The execution of the Levene’s Test for homogeneity of variances is performed using the robvar command in Stata. This command is structured to first list the continuous variable being tested, followed by the grouping variable specified within the by() option. This ensures that the variance comparison is correctly partitioned across the relevant categories (male and female).

The general structure applied is: robvar measurement_variable, by(grouping_variable).

For our specific case study comparing the variability of patient length of stay across genders, we specify lengthstay as the measurement variable and sex as the grouping variable. This specific command instructs Stata to compute the three robust Levene’s test statistics necessary to draw a definitive conclusion about variance equality.

Execute the following command:

robvar lengthstay, by(sex)

The resulting output provides a detailed comparison, showing not only the descriptive statistics for each group but also the test statistics (W0, W50, W10) and their corresponding p-values. This comprehensive output is the foundation upon which the statistical interpretation must be built.

Interpreting the Stata Output

The output begins with a summary table detailing the mean, standard deviation, and sample size for both male and female groups. We observe a numerical difference in standard deviations: males have a standard deviation of 9.7884747, while females show 9.1081478. While a difference exists descriptively, the Levene’s test formally assesses whether this difference is large enough to be considered statistically significant at the chosen alpha level (e.g., 0.05).

The three critical test statistics provided by the robvar command are:

1. W0 (Centered at the Mean): This is the standard Levene’s test. The calculated test statistic is 0.55505315. The associated p-value is 0.45625888. Since this p-value is significantly larger than 0.05, we retain the null hypothesis.

2. W50 (Centered at the Median): This variant, often recommended by statistical authorities like Conover, Johnson, and Johnson (1981) for asymmetric data due to its increased robustness against outliers, yields a test statistic of 0.42714734. The corresponding p-value is 0.51347664. For symmetric data, the W0 and W50 results typically converge, but the median test offers added reliability when data normality cannot be assumed.

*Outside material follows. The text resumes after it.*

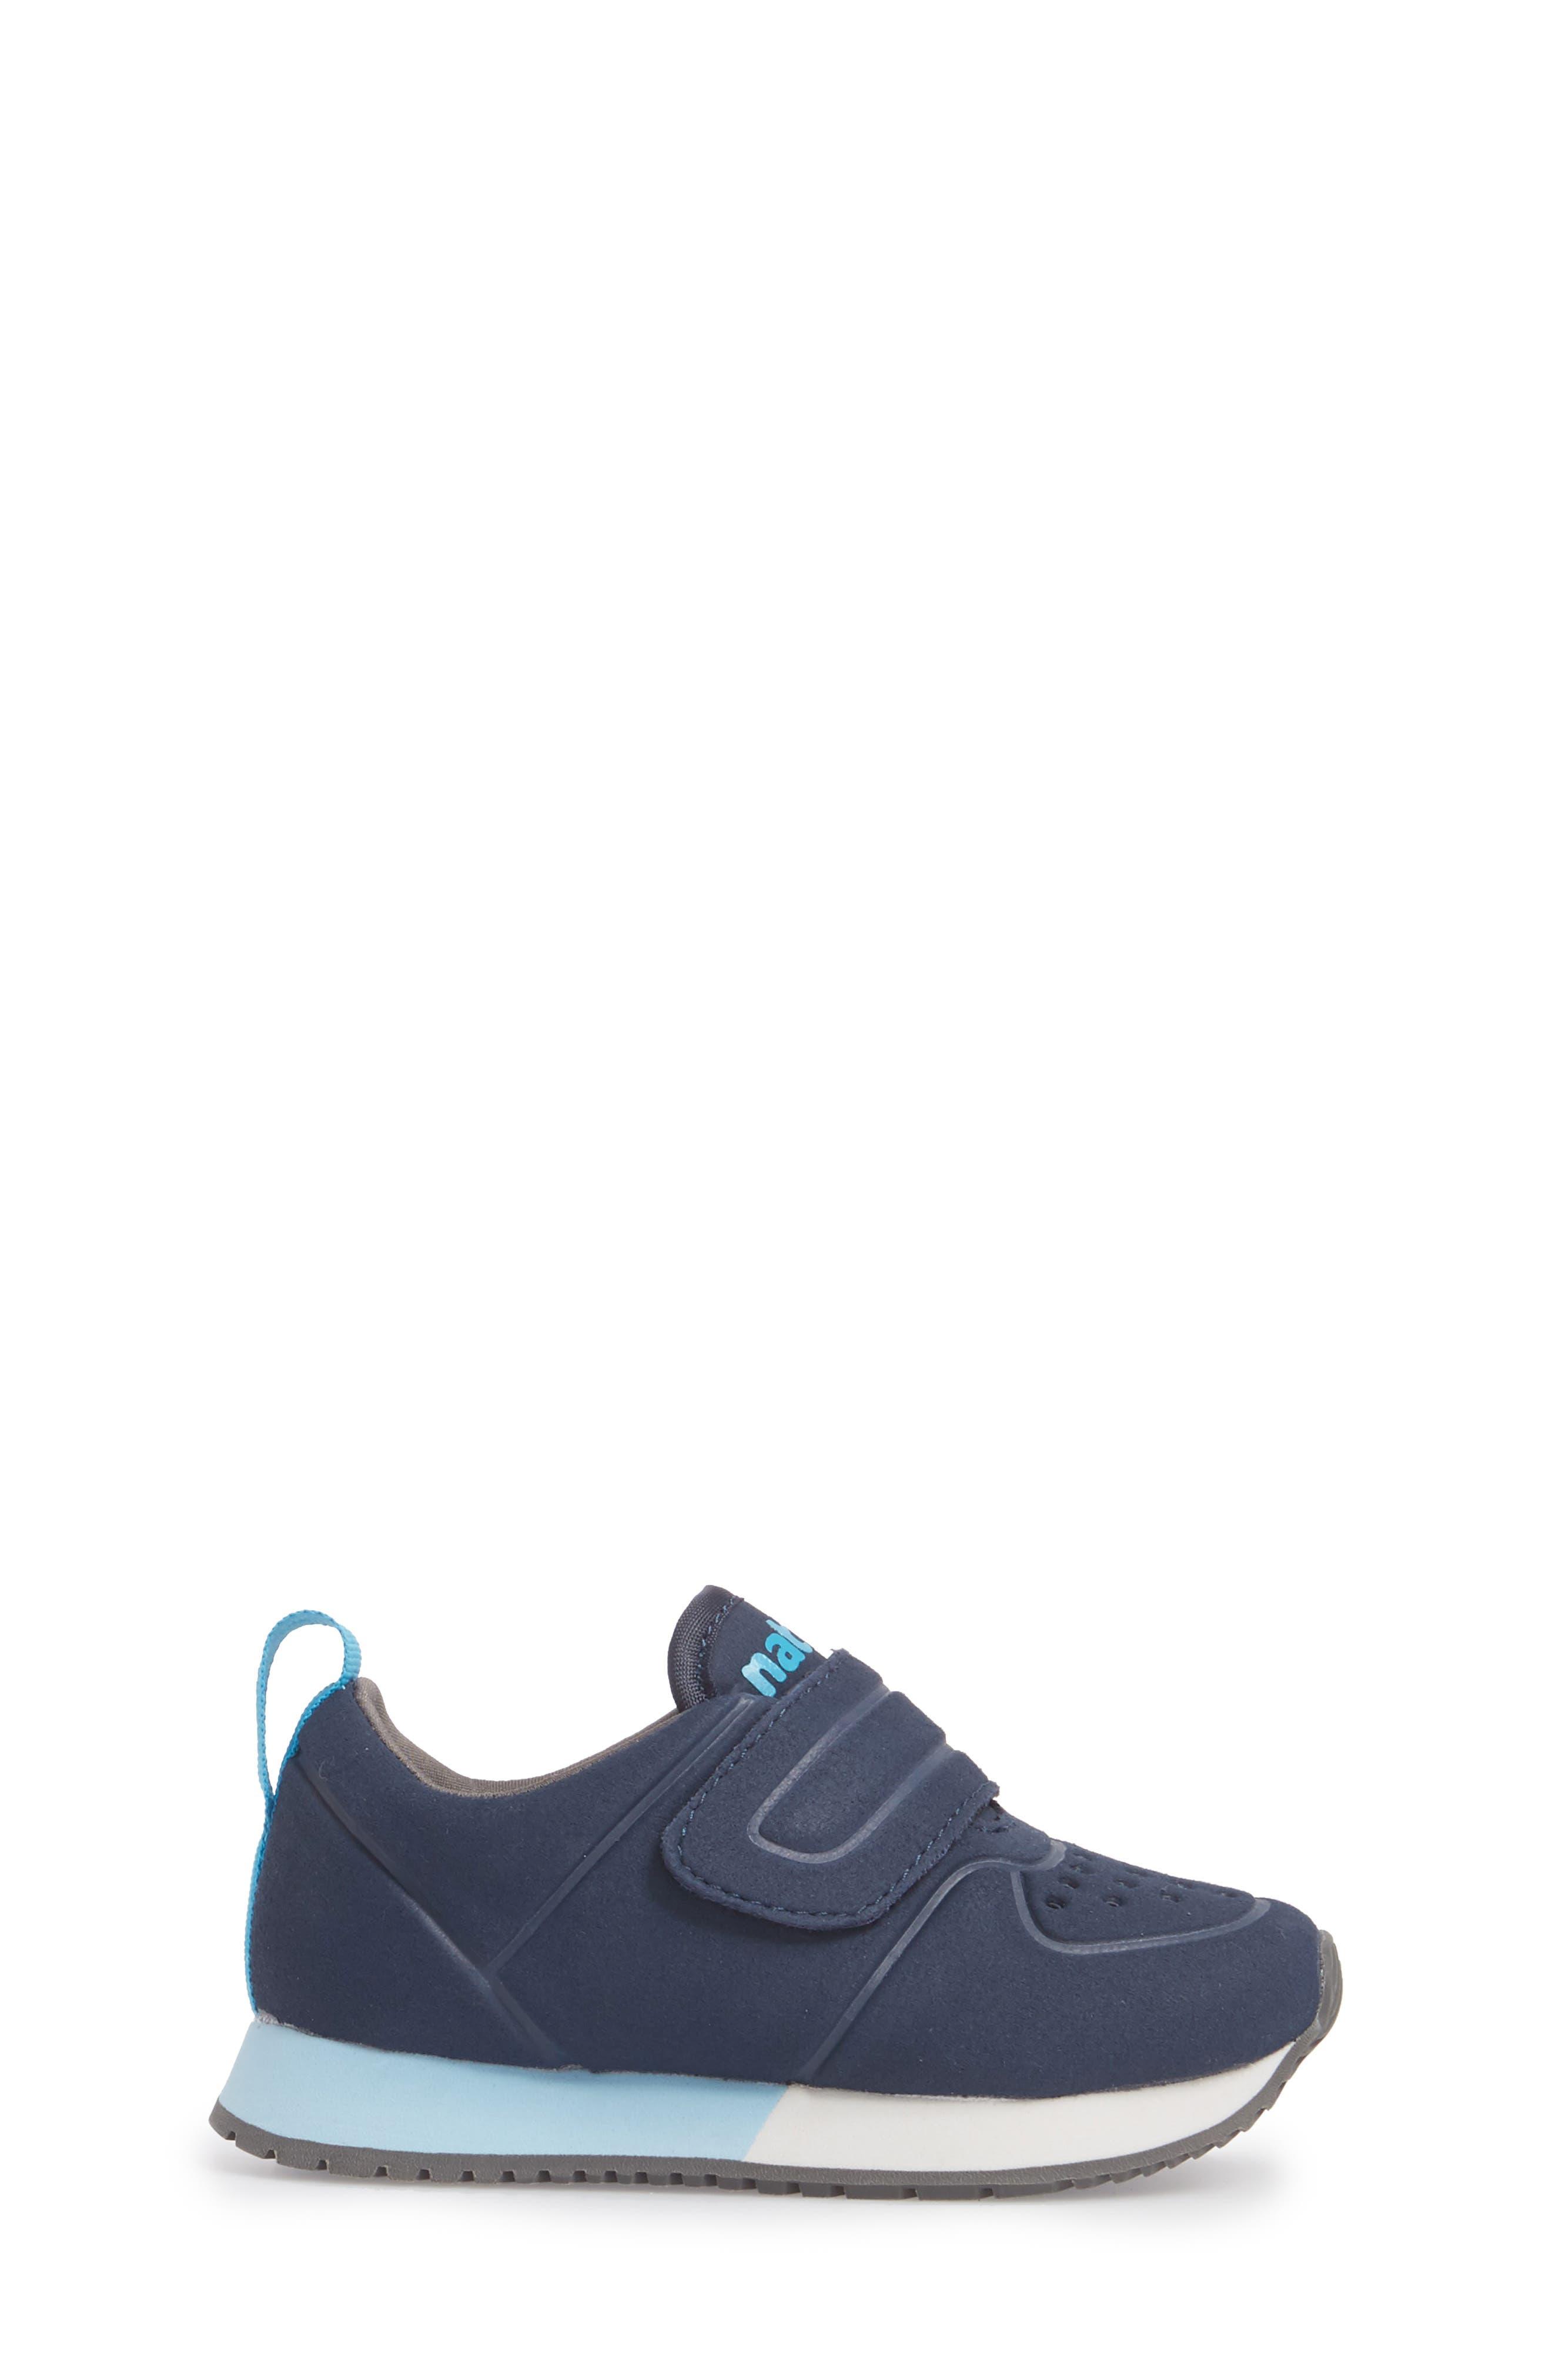 Native Cornell Perforated Sneaker,                             Alternate thumbnail 3, color,                             REGATTA BLUE/ SHELL WHITE

3. W10 (Centered at the 10% Trimmed Mean): This robust version uses the 10% trimmed mean to minimize the influence of extreme values (trimming the top and bottom 5% of observations). The test statistic is 0.44577674, resulting in a p-value of 0.50443411.

Since all three calculated p-values (0.456, 0.513, and 0.504) are substantially greater than the conventional significance level of 0.05, we conclude that there is no statistically significant difference in the standard deviation (and thus variance) of the length of stay between male and female patients. The assumption of homogeneity of variances is met, allowing for the appropriate use of standard parametric comparative tests moving forward.